The aim of this study was to investigate the feasibility of integrating three-dimensional rotational angiography (3D-RA) data into a surgical navigation system and to assess its accuracy and potential clinical benefit.

Methods

The study cohort consisted of 16 patients with 16 intracranial aneurysms who had been scheduled for routine or emergency surgery. Rotational angiography data were exported using a virtual reality modeling language file format and imported into the BrainLAB VectorVision2 image-guided surgery equipment. During 3D-RA the position of the head was measured using a special headframe. The authors also determined the accuracy of 3D-RA image guidance and the clinical benefit as judged by the surgeon, including, for example, early identification of branching vessels and the aneurysm.

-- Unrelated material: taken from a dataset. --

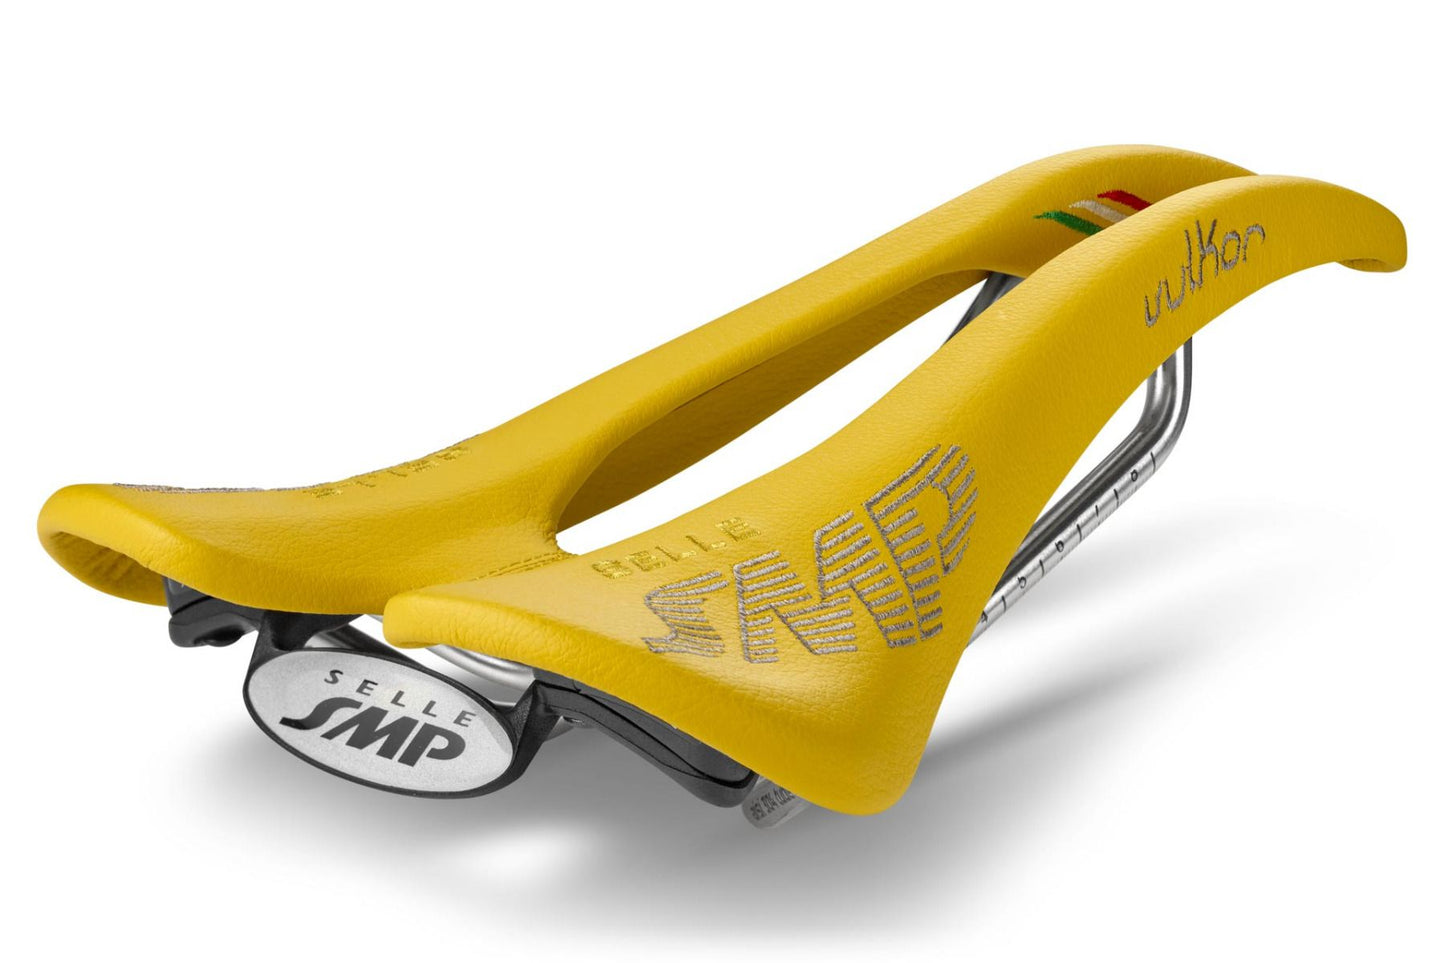 Selle SMP Vulkor Saddle with Steel Rails (Yellow)

There was good correspondence between the 3D-RA–based navigation data and the intraoperative vascular anatomy in all cases, with a maximum error of 9° of angulation and 9° of rotation. In eight cases, the surgeon determined that the 3D-RA image guidance facilitated the surgical procedure by predicting the location of the aneurysm or the origin of a branching artery that had been covered by brain tissue and blood clots.

Conclusions

The integration of 3D-RA into surgical navigation systems is feasible, but it currently requires a new perspective-registration technique. The intraoperative 3D view provides useful information about the vascular anatomy and may improve the quality of aneurysm surgery in selected cases.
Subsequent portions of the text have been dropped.